DEATH OF A DEVIL, the third in Derek Farrell's Danny Bird series begins on Halloween as gaggle of ghost-hunters discover a body bricked-up behind the pub's basement wall. Trouble (including the return of a truly malevolent "ghost" from Ali's the past) quickly engulfs everyone Danny (and this reader) loves, threatening the happiness of all.
In DEVIL, Farrell delivers everything his fans have come to love and expect and much, much more. Farrell's plotting is fiendishly clever and gracefully advances to a denouemont as intellectually and emotionally satisfying as any I have ever read.
Danny Bird and his best friend Caz are more endearing and complex. Farrell enriches our understanding of who they are and deftly describes the loving dance that is their deep best friendship. At the end of Devil, I worry less about Danny's ability to handle his complicated relationship with his boyfriend, Nick, or to manage his pub and it's crime boss owner, and more about Caz. Always brave, always insouciant, she seems vulnerable in book three in ways she didn't before. I worry that some rough times are ahead for her, but know too, that Danny will be there to help navigate and keep her head above water.

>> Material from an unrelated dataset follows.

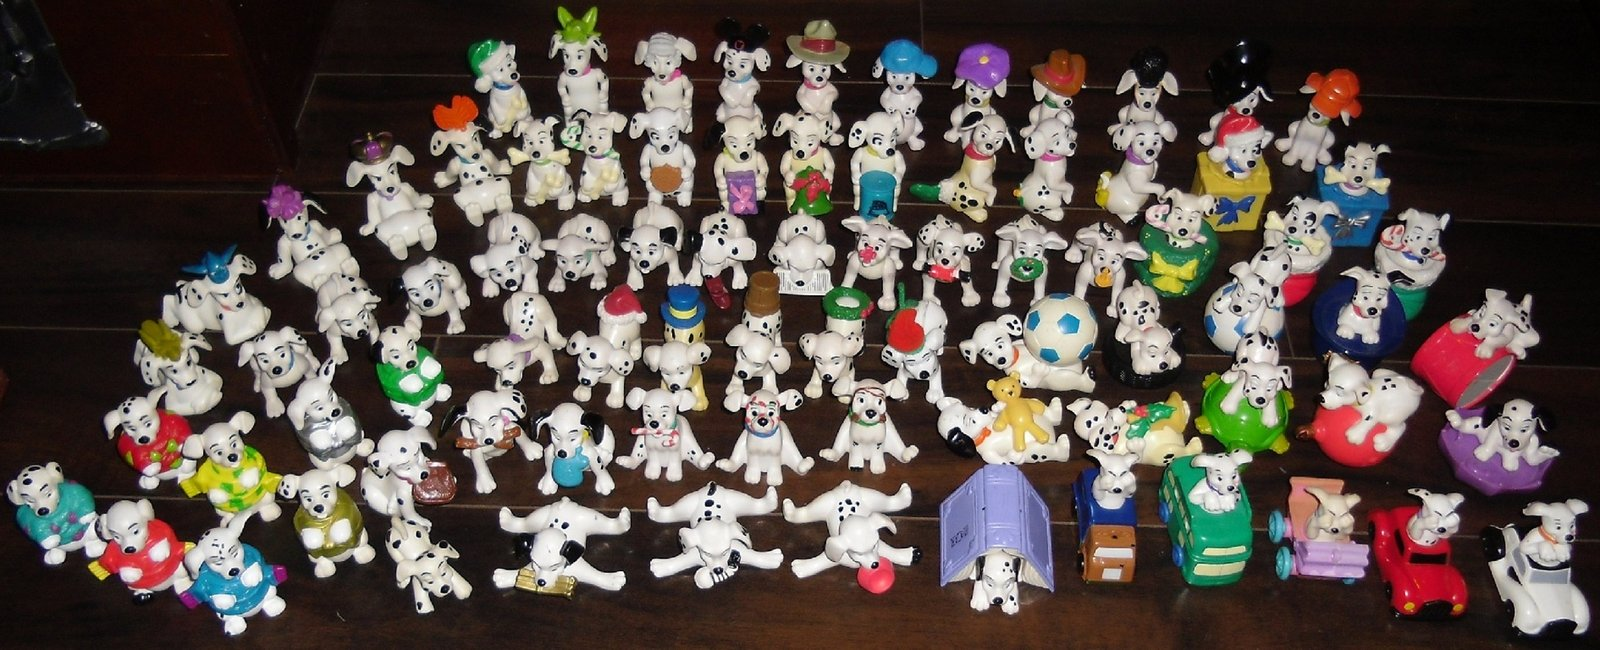 dalmatian_figures

Which brings me to Farrell the writer. He's the real deal. I'd read anything he writes including recipes or to-do lists. Every word is sharply the right word. Every image fully-realized.
The writing in book three, like the first two, is a total pleasure. A joy. It doesn't matter if Farrel is describing a corpse or a hat—the writing masterful and sure, exulting in its mastery. The writing is always fresh, perfectly hilarious or perfectly tragic, giving the grateful reader constant shocks of pleasure:
"Her hat - resembling a Victorian stovepipe that had been covered in tiny black silk roses, then sat on, hard, by an elephant - had a gauzy black veil hanging down in front of her face. Her every move left clouds of Joy by Patou into her wake…"
"You want a pastry? Have a pastry. Try the pastizzi," he said, like some sort of demented gangland Mary Berry. "It's a Maltese specialty. "I glanced at Caz. "A pastizzi would be lovely," she purred, as she finished applying fresh lipstick…"
"I've handled shooters, Bowie knives, one time a Black & Decker drill - cheap shit; buy Bosch if you want the job done without the fucking engine burning out - and a couple of chainsaws. If I wa to get rid of someone these days, I'd use a wood chipper…"
"Outside the car, the familiar landmarks whizzed by. We crossed Piccadilly, the glaring lights still flaming away; advertising products nobody could really need to a square devoid of consumers. The tiny figure of Eros, dwarfed by the greed and the hammering rain, still balancing on one leg, and tring to find his arrows of love up Piccadilly, through which we now drove."
Too often mysteries are merely plot machines––lovely machines, but machines nonetheless. Too often a disconnected and icy cleverness informs them.
What Farrell accomplishes (again) is to gloriously, hilariously, and movingly warn andhumanize a too-often inhuman genre. His characters, even "minor" ones, are fully realized, distinct, living, breathing and important people. Which is why Derek Farrell's latest novel is truly good––brilliant, and clever but not just excellent in a literary sense. DEATH OF A DEVIL is humane. Benevolent. Lovely. Inspiring. And yes, beautiful.